Monday, May 12, 2008

Howes Elephant Telescoper (From Dick Flint)


Howes ele telescoper001, originally uploaded by bucklesw1.

Since you've now posted two photos of the long-lived dragon float in
it original configuration, here's a stereo view of one of the two
principal parade wagons that accompanied it on the Howes Great London
show voyage from England for its 1871 US premier. While the show's
other principal parade wagon featured a three-dimensional globe atop a
wagon similar to the later Five Graces bandwagon, I thought I would
send this 1872 view of the magnificent Car of India for the elephant
fanciers on the blog. The wooden elephant would lower by a gear
system into the body of the wagon when this mud show traveled
overland. On the perimeter of the platform upon which the elephant
stands are spring supports for bells that would have clanged as the
wagon moved along in the parade producing what was a clever musical
effect.

A few years back a family living on Starr Ridge in Brewster, NY, where
the show wintered, discovered on their property the uppermost or
herringbone-patterned back support of the howdah. While this view was
recently published as a colorized view in a circus magazine showing
this panel in red, the surviving paint on the Brewster panel shows
green. The elephant top was removed early on but the wagon with its
single, bottom row of oval mirrors and a new skyboard lasted until its
use on Forepaugh-Sells.

Dick Flint
Baltimore

3 comments:

Anonymous said...

Am I correct in assuming that this circus came complete from British Isles to America and if so, Did it return to British Isles? Who owned it? I am confused. We do know that later the title was used on grift shows in America. Where is the connection. I always assumed the "Howes" were brothers here in USA that got into the circus Biz.Who would Seth B. Howe be? Hope someone will clear up my confusion.

Anonymous said...

This wagon toured England with the Howes show in 1870, then appeared in the USA starting in 1871 and is last known to have toured with a Mugivan & Bowers troupe in 1908.

The discovery of the howdah piece may offer some substantiation for the provenance of two carved images at the John and Mable Ringling Museum of Art. They have been identified as having originated from the companion globe telescoper. The fact that these pieces can be traced to a site other than the Bridgeport winter quarters, where the vehicles were presumably converted from telescoping tableaus to conventional box-body wagons, has caused some concern over their portrayal as circus artifacts in the past.

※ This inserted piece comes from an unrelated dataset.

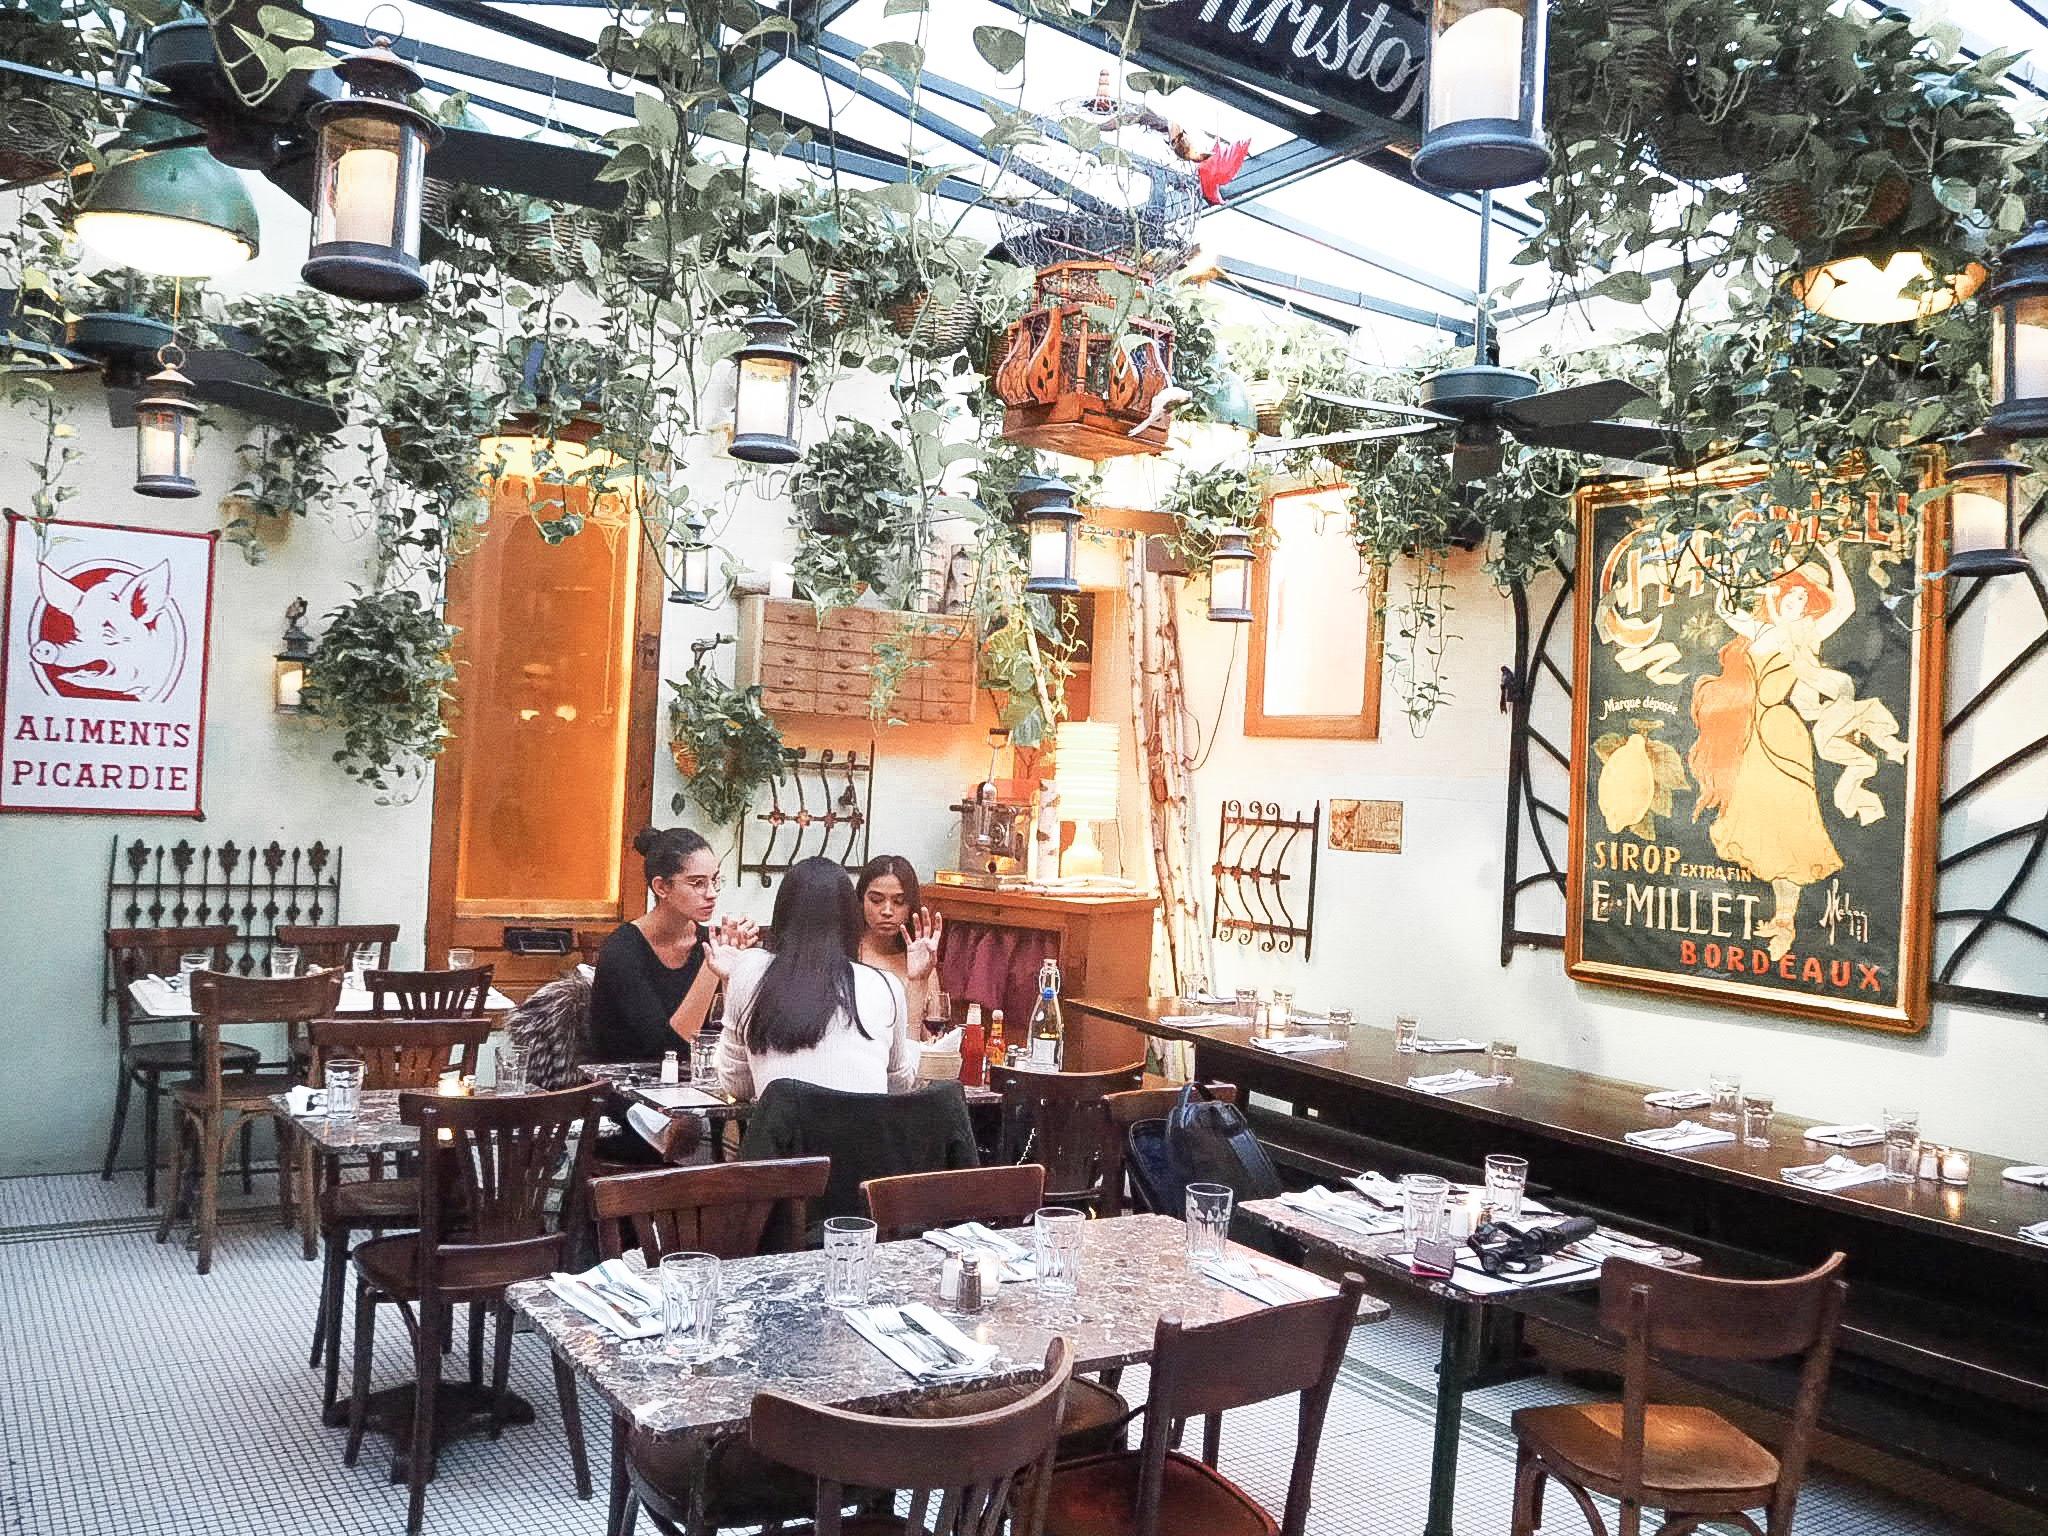 img 9135 - Juliette - NYブルックリンの一角 インドアガーデンの中で楽しむフレンチビストロ

The colorized version of this photo [of which at least three copies exist] appeared on the cover of "Bandwagon" magazine, Jan-Feb 2007. If you go to the Circus Historical Society website, www.circushistory.org, and go to the "history" button and click on it, the next page opens up a wonderful assortment of reading on the American circus. Numerous capsule biographies for American show people can be found in Slout's "Olympians of the Sawdust Circle." Many items provided there are very rare and not readily obtainable elsewhere, including elsewhere on the web.

Anonymous said...

Johnny, Nathan Howes (1796-1878) was one of the earliest American performers and owners and, in 1826, one of the first to use a tent. His much younger brother Seth B. (1815-1901) followed him and was probably the first person to become a millionaire from his circus and related businesses. Seth toured England and some parts of the European continent from 1856-64 as Howes & Cushing. He married an Englishwomen and returned again in 1870 to start another show that toured England. It was to play the continent the following year but because of war, he brought it to the US for the 1871 season as Howes Great London Circus and Sanger’s European Menagerie (or variations thereof).

Nathan had many children but twins Egbert (1830-1892) and Elbert (1830-1900) were the ones who actively worked for or in partnership with their father and/or uncle Seth at various times, including the several English tours and the 1871-73 tour in the US of Howes Great London. When business partner/investor James E. Kelly’s other investments got consumed by the financial Panic of 1873, the show was sold (but the Howes family prevailed in not having their name used in later years; Sanger was not so lucky). Thereafter, as anonymous nicely wrote, it was “chronically lacking in the owner and leadership department.” The show finally ended up in the hands of printer James Reilly who had supplied all the show’s posters. He, in turn, disposed of it to Cooper & Bailey who had just returned from an Australian and South American coastal tour with a much-dilapidated show. The rest is history, as they say, with one of the Great London elephants giving birth and supposedly being the reason for the merger of Barnum with Cooper & Bailey in 1881.

The famous family were no longer show investors after 1873 but the name began to be appropriated by small and unscrupulous showmen in the 1880s and endured in that situation into the 20th century. And one further comment: several members of the Howes family, who all came from the Somers, NY, area (the “cradle of the American circus”) were in the circus business so the name is often seen. But there was another important family named Howe (without the s) from the same area and active as owners in the menagerie business in the 1830s era. Finally, a Frank J. Howes was in the circus business as an owner in the years around the Civil War but of no relation to the Nathan/Seth clan.

I have two copies of the stereo and neither is colored and I believe the colorization was done only for the magazine cover.